# DIY Sand Spikes



## MrFish49 (Jun 30, 2012)

I got sick of using the PVC ones I had made and saw the prices in the aluminum ones and decided I would just make a couple for myself. Spent about 16 in materials and took about an hour to make them both.


----------



## NKlamerus (Jan 4, 2016)

Photos broken?


----------



## MrFish49 (Jun 30, 2012)

NKlamerus said:


> Photos broken?


I guess they were to large to show properly, resized them.


----------



## Bigdaddyk (May 20, 2016)

Those look nice and clean.
I've made them with t post but I like your aluminum ones much better.
Just bought 2 from academy for 15 bucks each.
Think I'll go to lowes and see if they have aluminum and copy yours.


----------



## SteveCal (Jun 21, 2014)

I made a set like that about 4 years ago and still using them.
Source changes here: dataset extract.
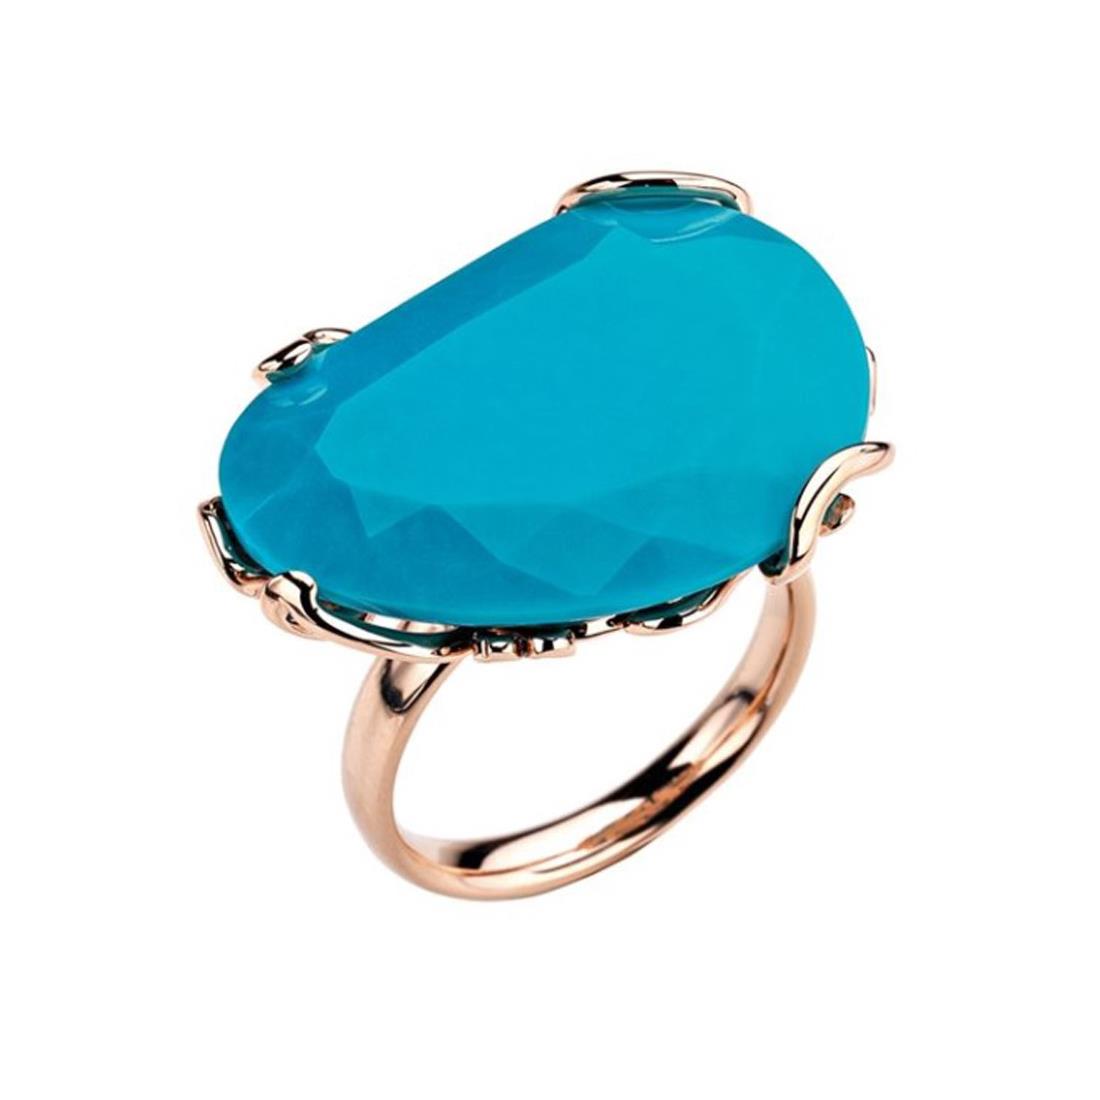 Chantecler Diamour Folies pink gold ring with turquoise  - CHANTECLER

They are a lot easier on the old guys then PVC spikes. You did some good work.


----------



## MrFish49 (Jun 30, 2012)

What I noticed immediately about these when I picked them up after finishing them is how light they are compared to my pvc ones. Also used stainless nuts and bolts to avoid corrosion issues. They should have the aluminum in 8 foot pieces for around 12 dollars and change at lowes, home depot wanted 11 for a 4 foot piece.


----------